→ Your instructions
Make an exact copy of the whole listing, but leave its pictures out.

→ Data segment
--- START ---

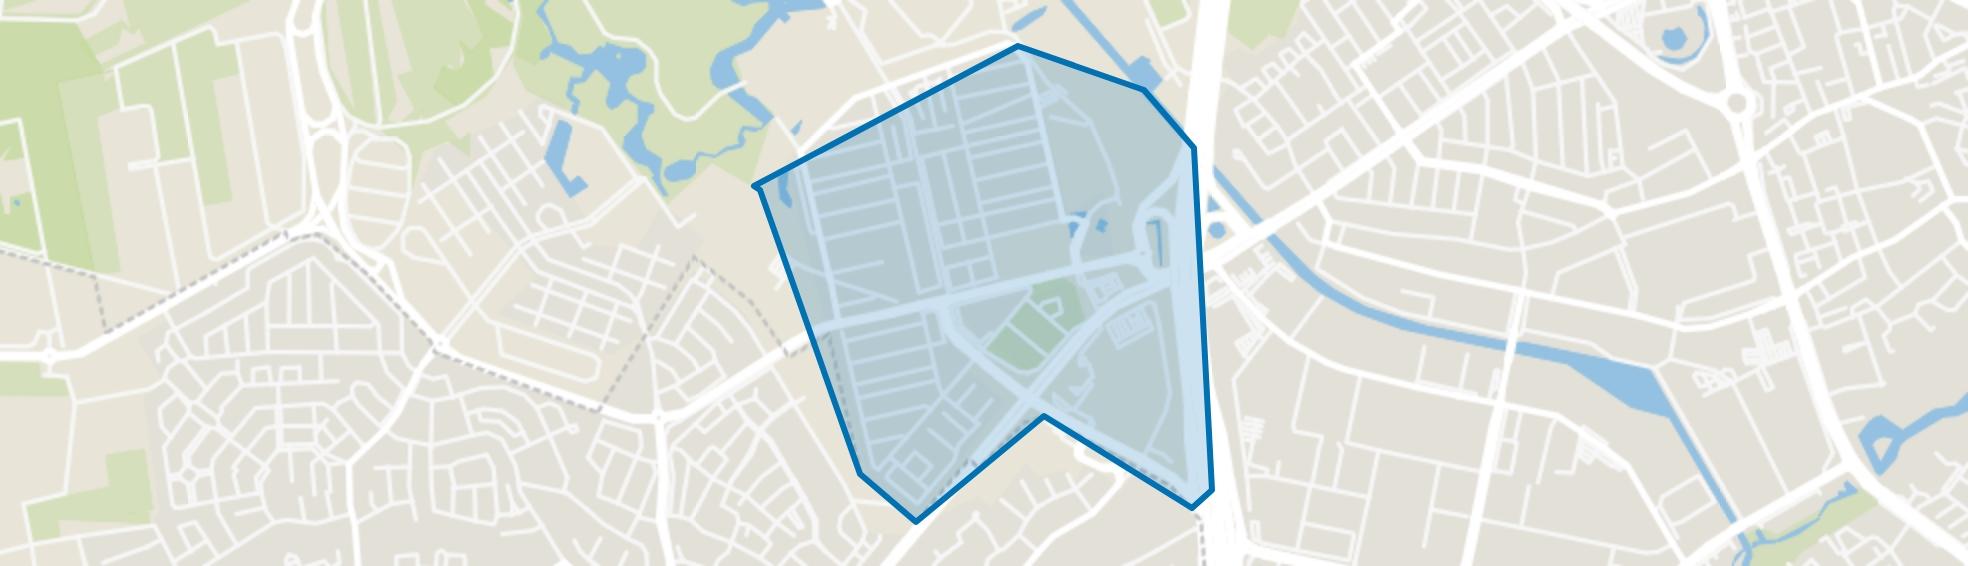 Grasrijk, Eindhoven map
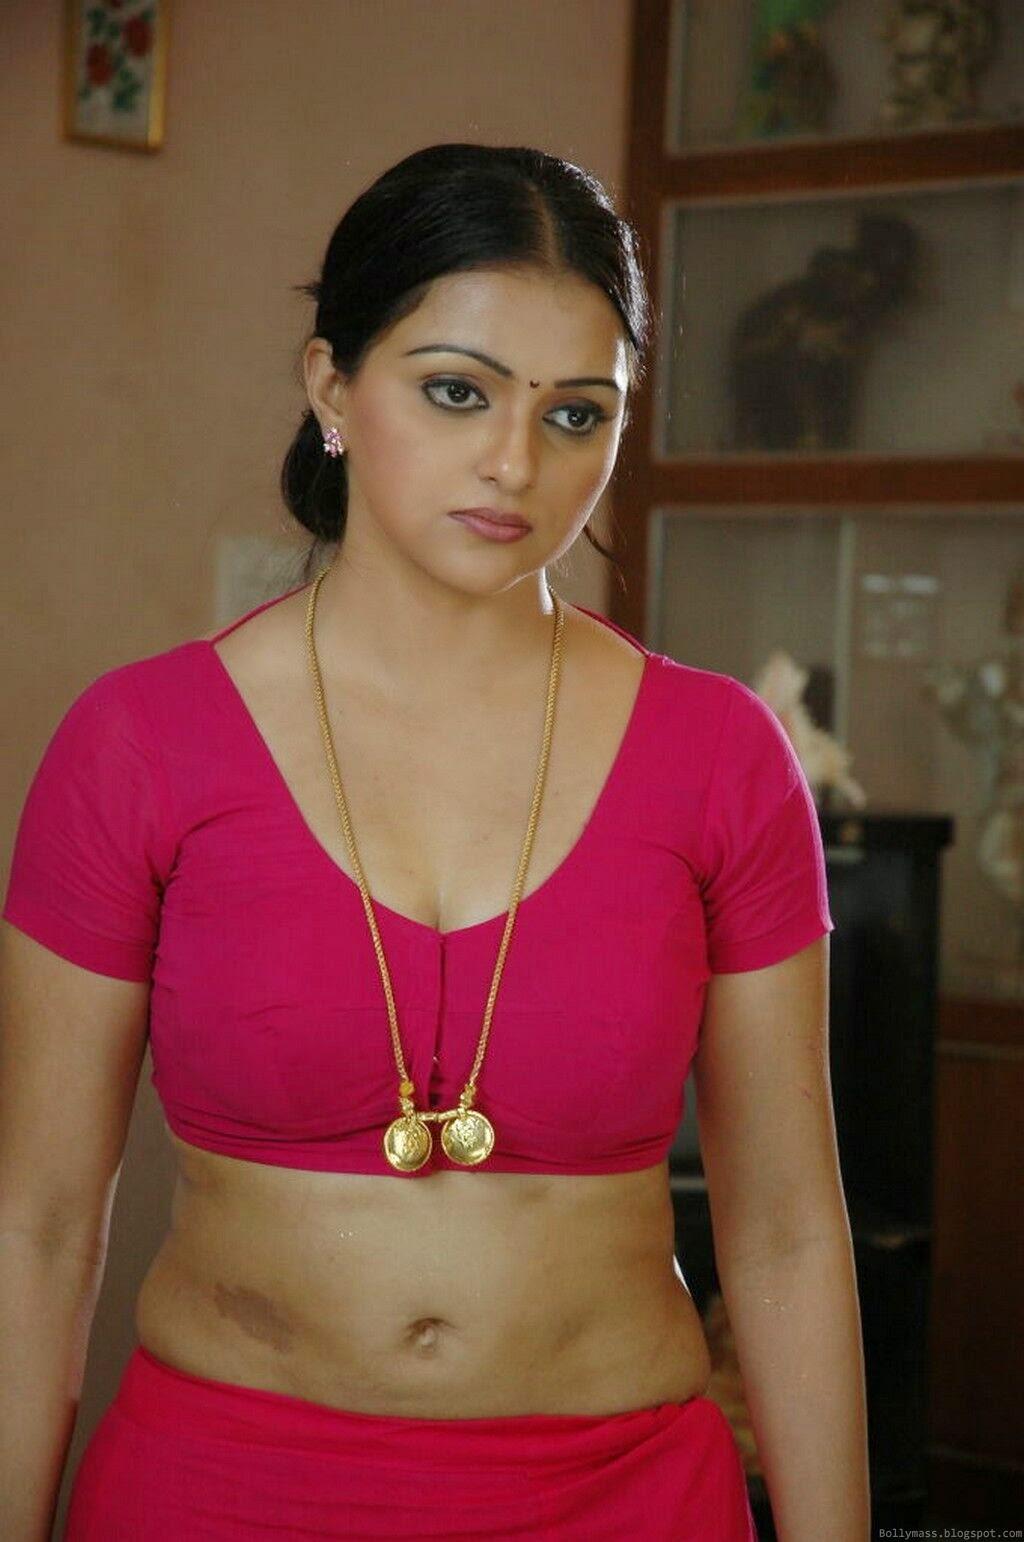 Sonali Joshi Hot In Pink Blouse Without Saree HD Photos - SAREE BELOW ...
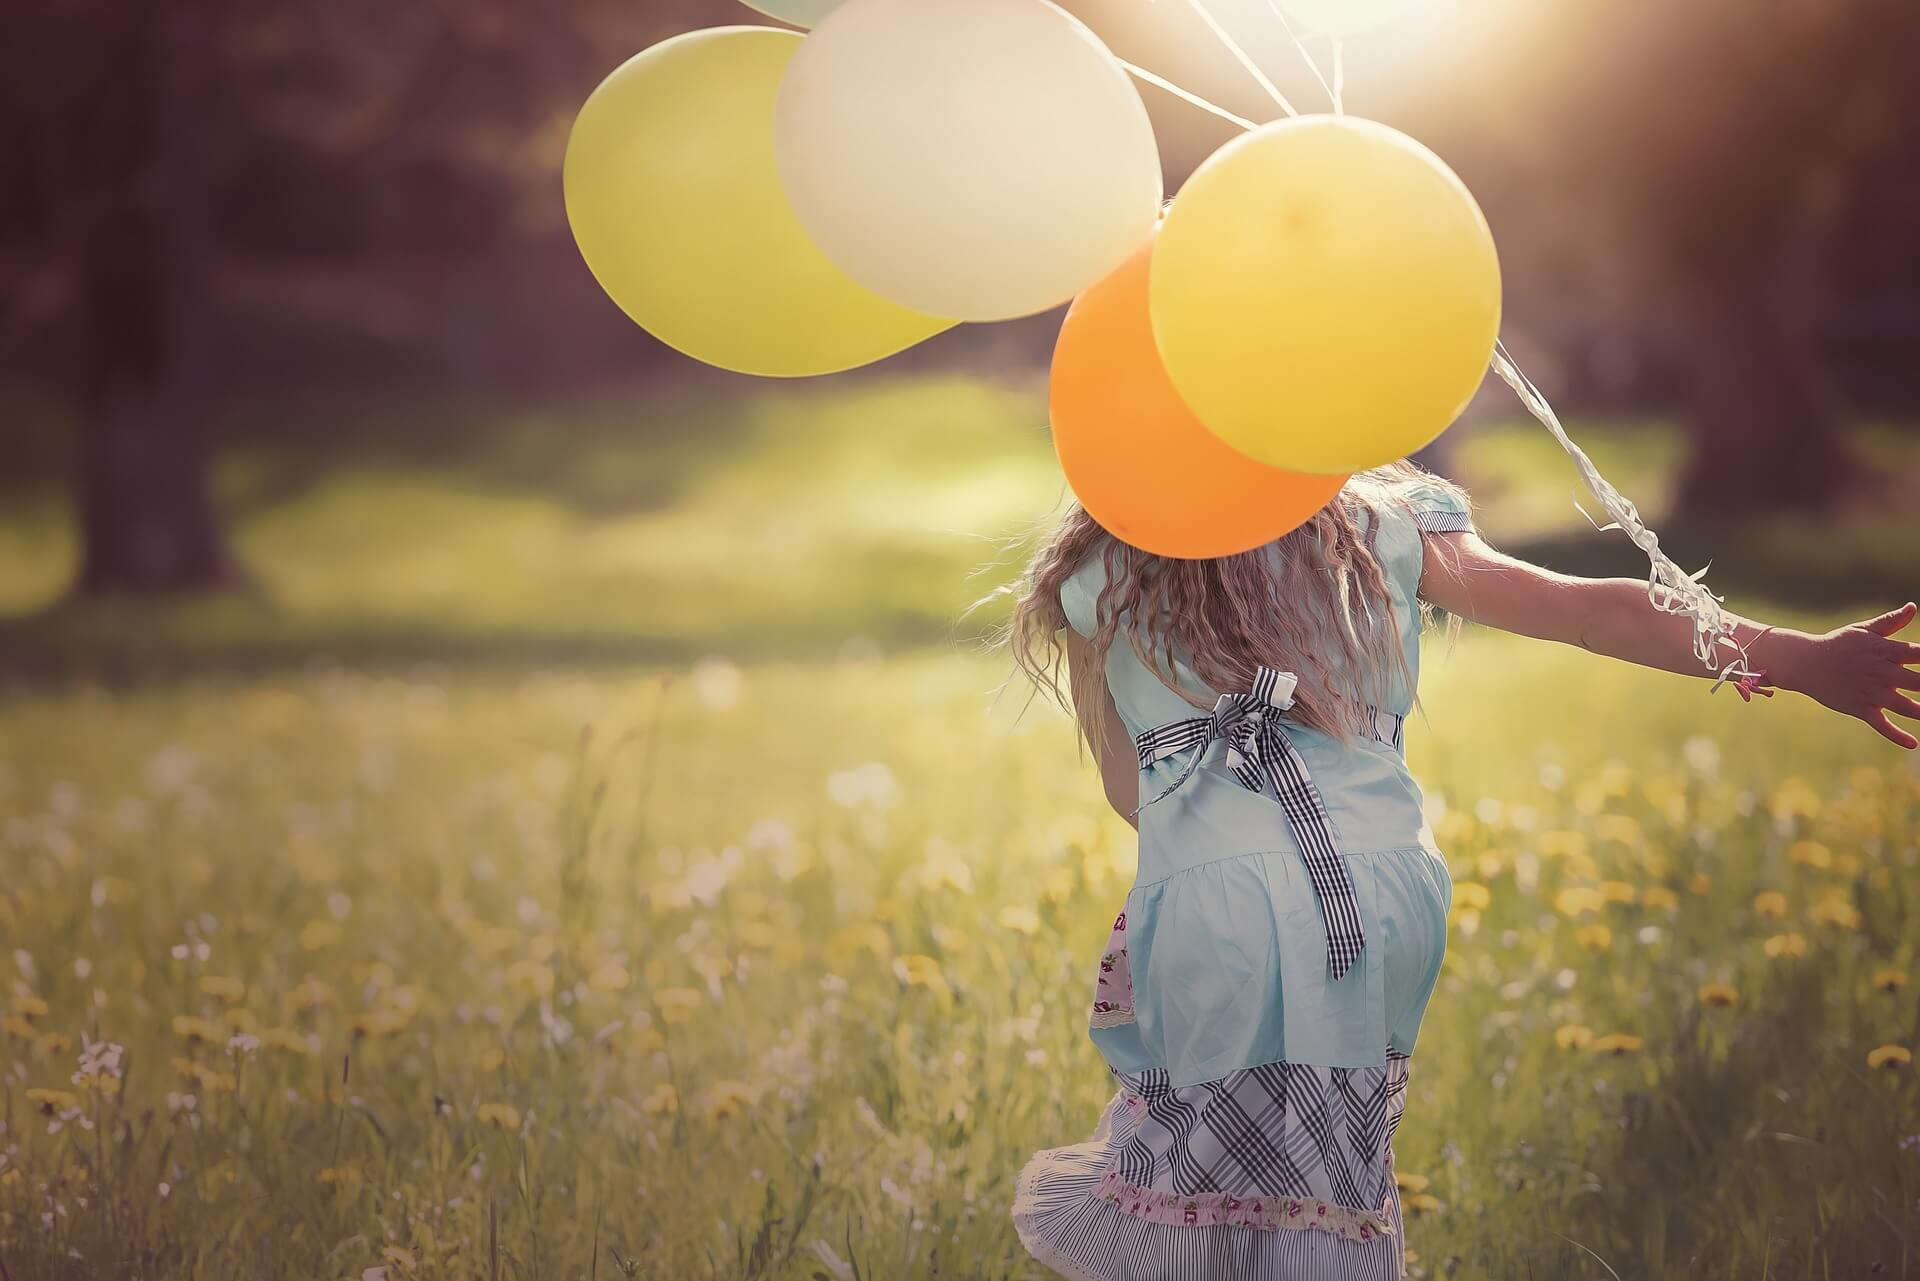 Freude: Ein Mädchen mit Luftballons in Sonnenschein

--- END ---

→ Written reply
 Grasrijk, Eindhoven map
 Sonali Joshi Hot In Pink Blouse Without Saree HD Photos - SAREE BELOW ...
 Freude: Ein Mädchen mit Luftballons in Sonnenschein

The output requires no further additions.